TASK STATEMENT -
Task for the records below: repeat the line containing "Ein fabelhaftes Vintage" and every line after it, exactly and with nothing else, but leave out the pictures.

•••••

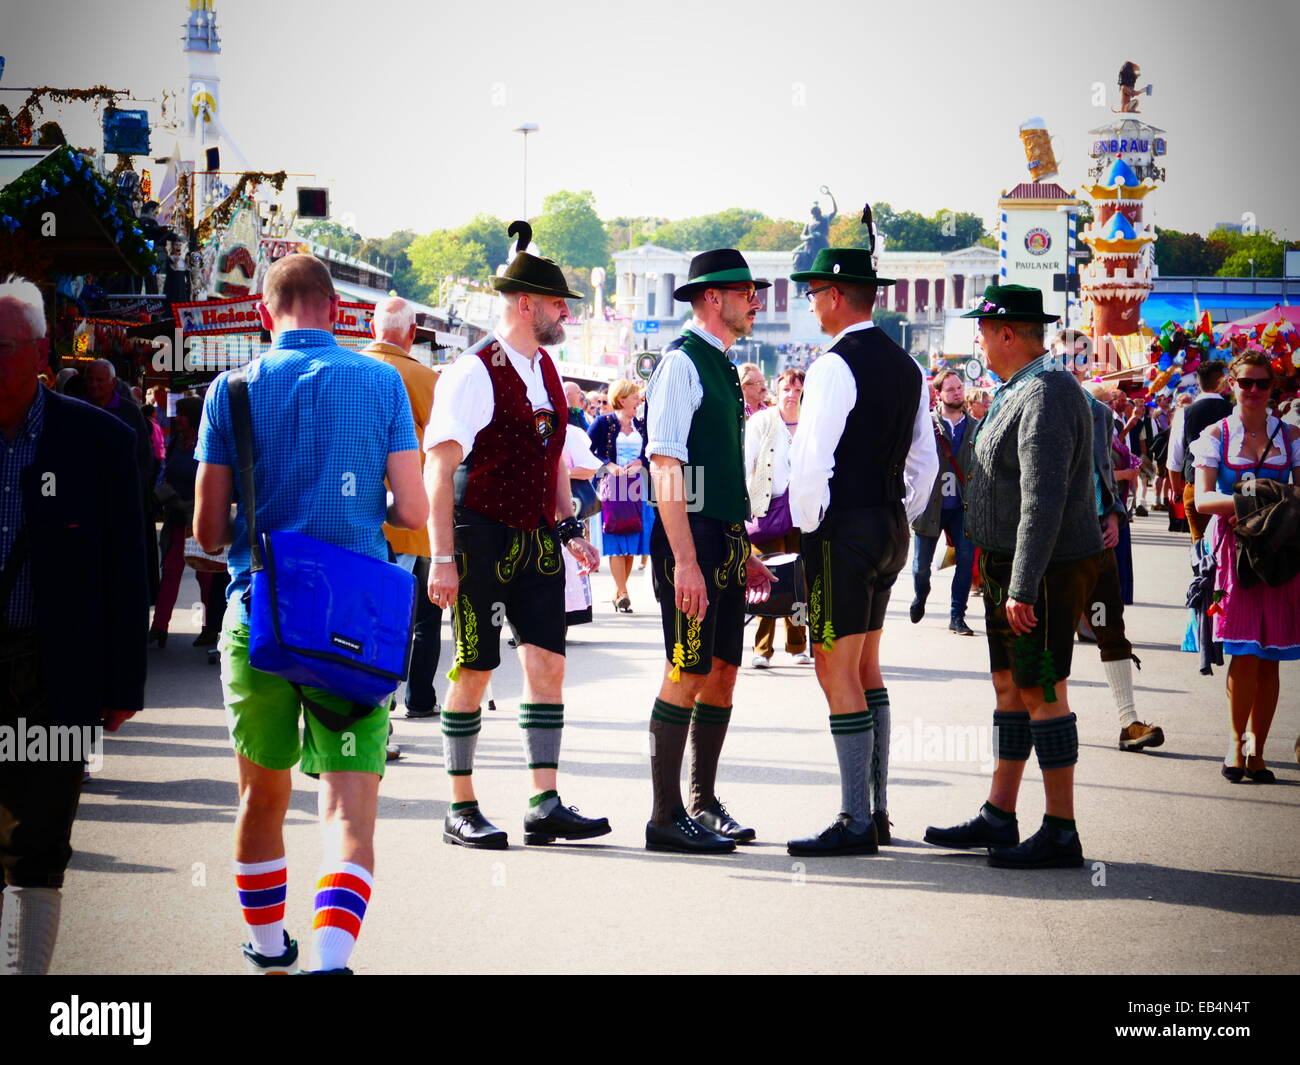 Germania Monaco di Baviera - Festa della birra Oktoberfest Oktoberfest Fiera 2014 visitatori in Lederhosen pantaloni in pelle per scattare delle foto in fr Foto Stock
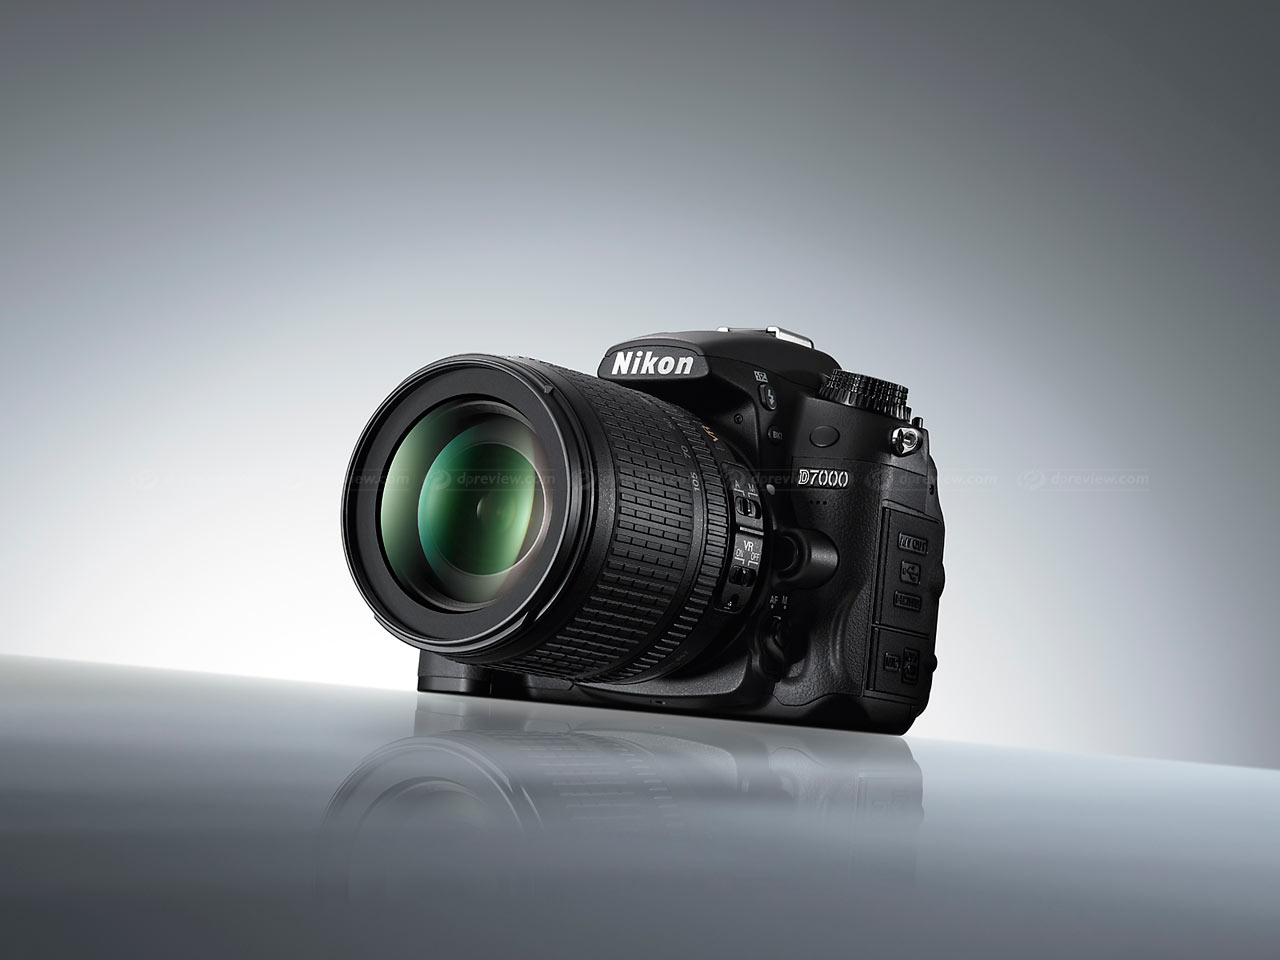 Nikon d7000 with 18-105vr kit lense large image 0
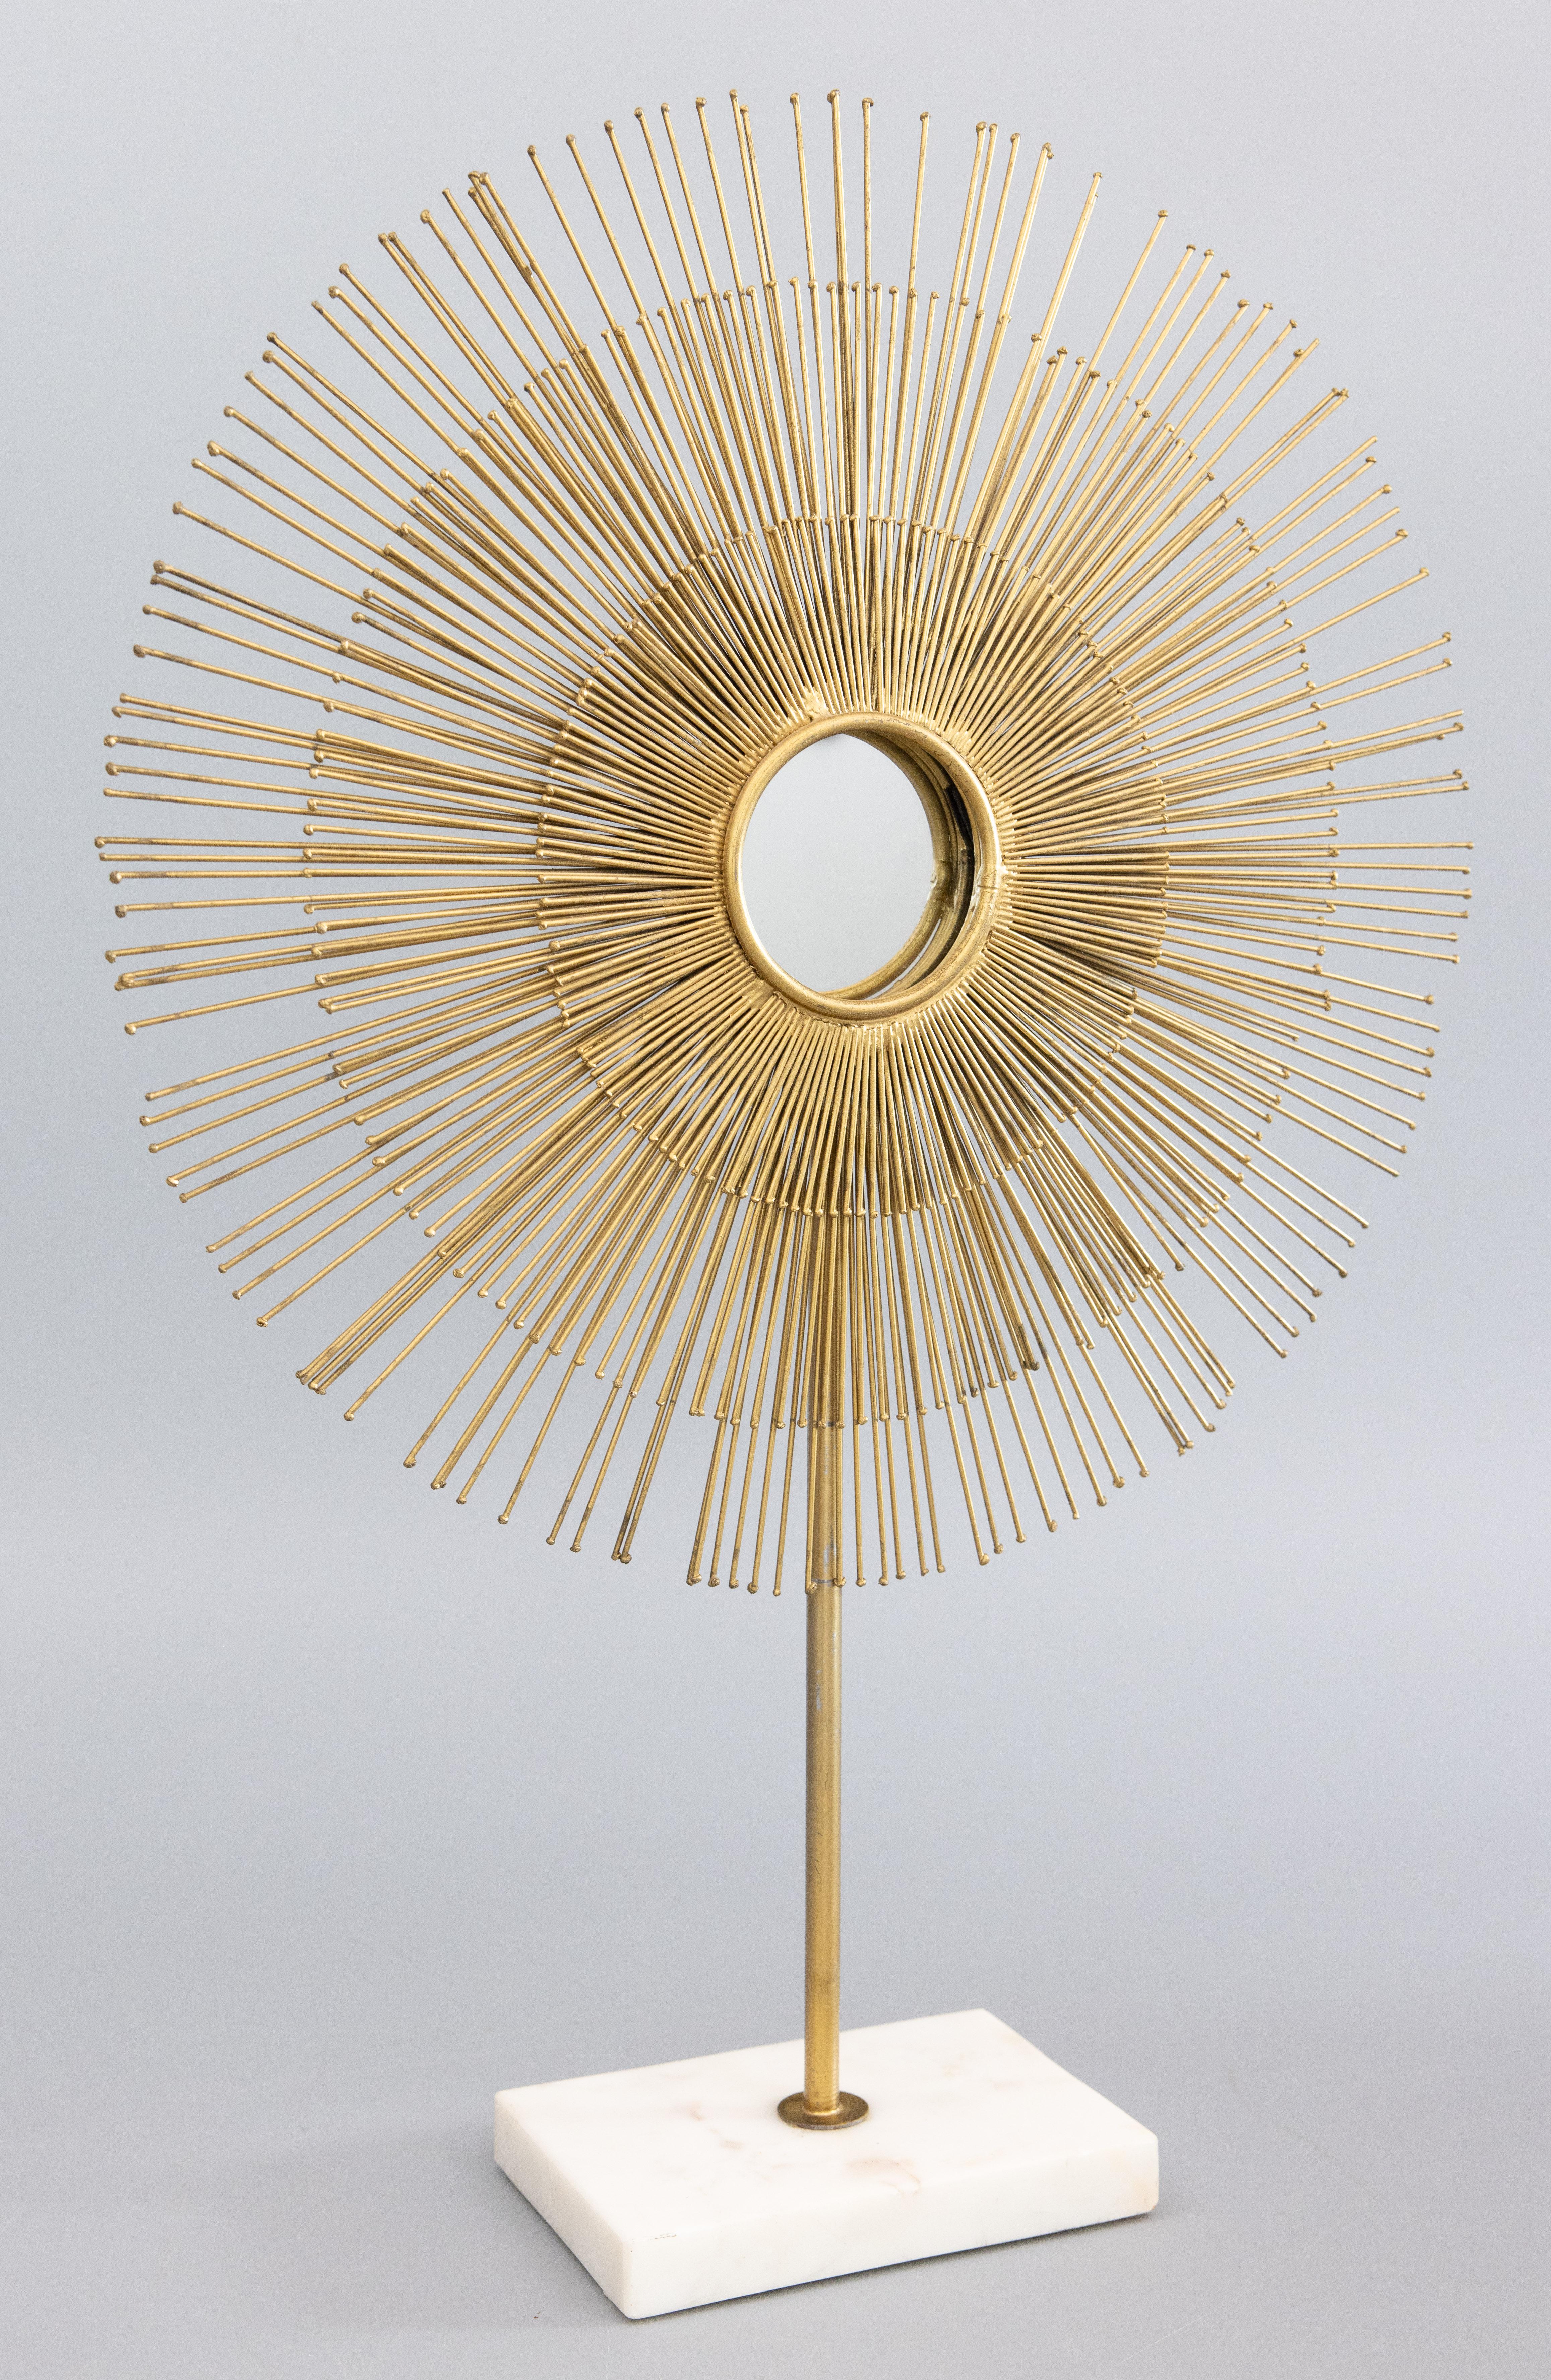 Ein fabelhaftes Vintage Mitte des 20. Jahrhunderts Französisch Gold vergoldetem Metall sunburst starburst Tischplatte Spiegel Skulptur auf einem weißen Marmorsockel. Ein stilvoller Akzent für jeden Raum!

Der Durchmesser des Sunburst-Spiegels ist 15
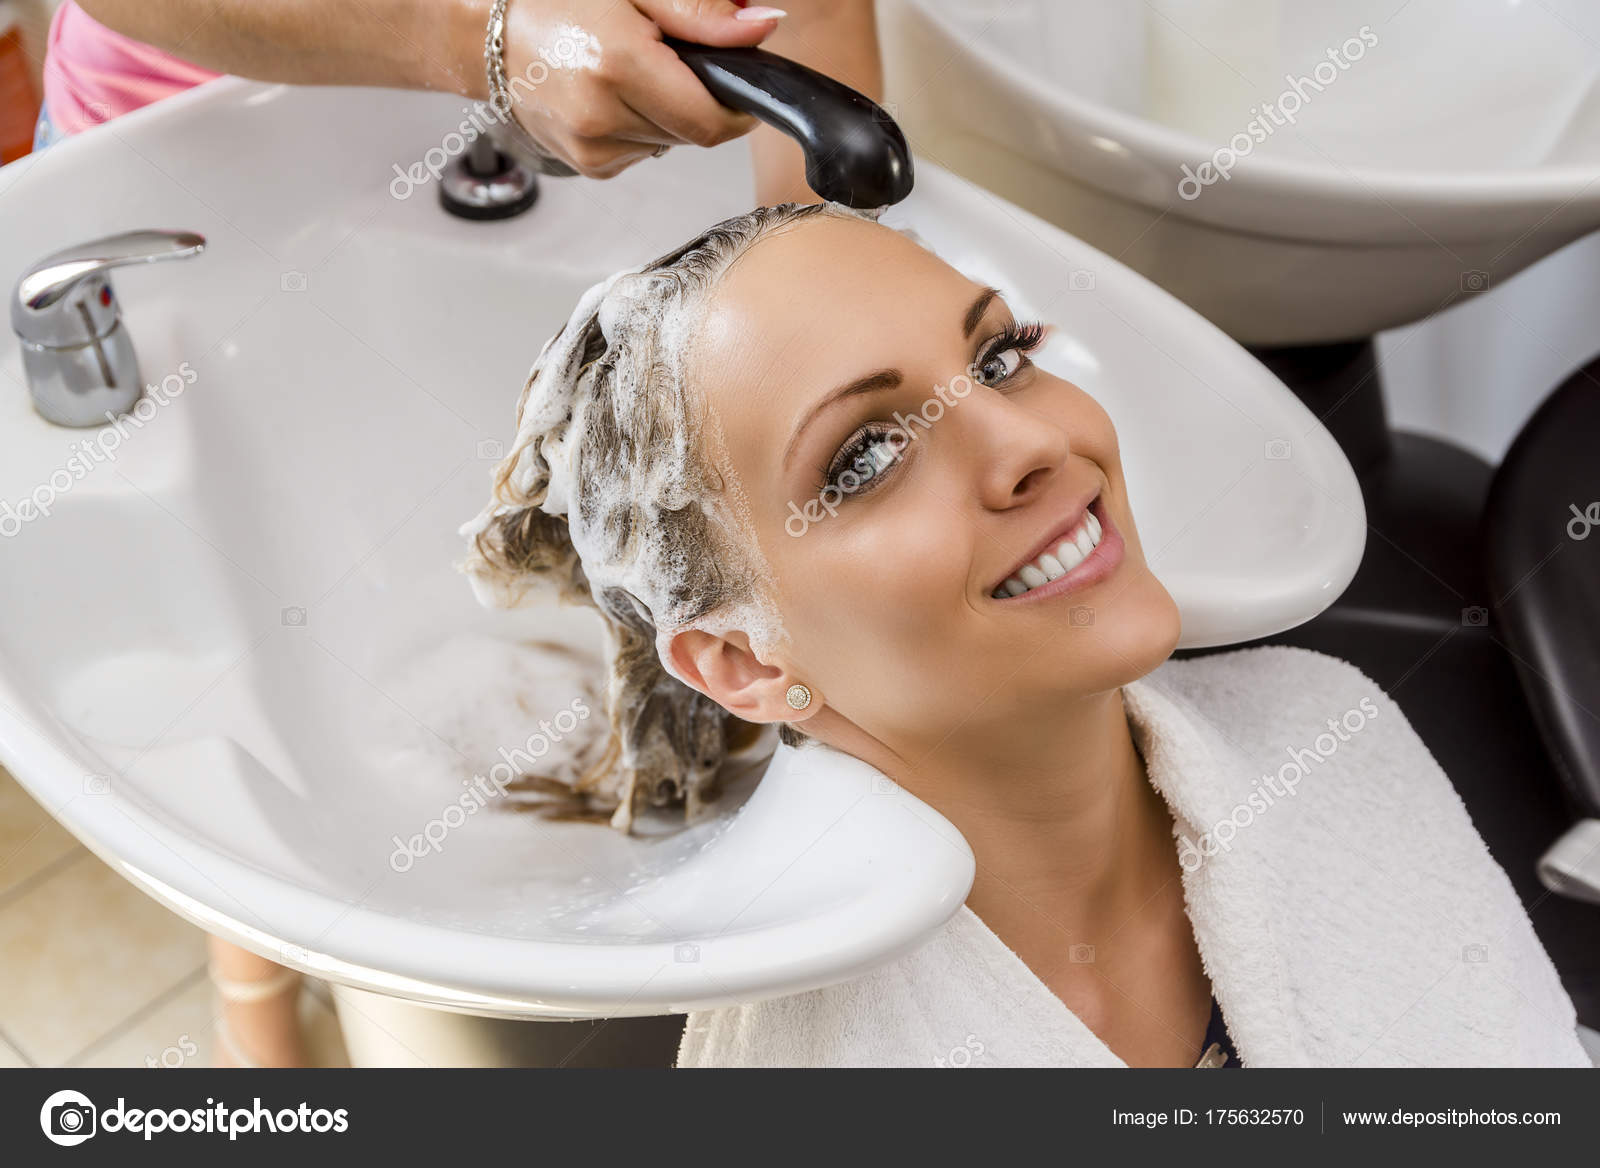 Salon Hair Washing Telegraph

•••••

SOLUTION FOR THIS EXERCISE -
 Ein fabelhaftes Vintage Mitte des 20. Jahrhunderts Französisch Gold vergoldetem Metall sunburst starburst Tischplatte Spiegel Skulptur auf einem weißen Marmorsockel. Ein stilvoller Akzent für jeden Raum!

Der Durchmesser des Sunburst-Spiegels ist 15
 Salon Hair Washing Telegraph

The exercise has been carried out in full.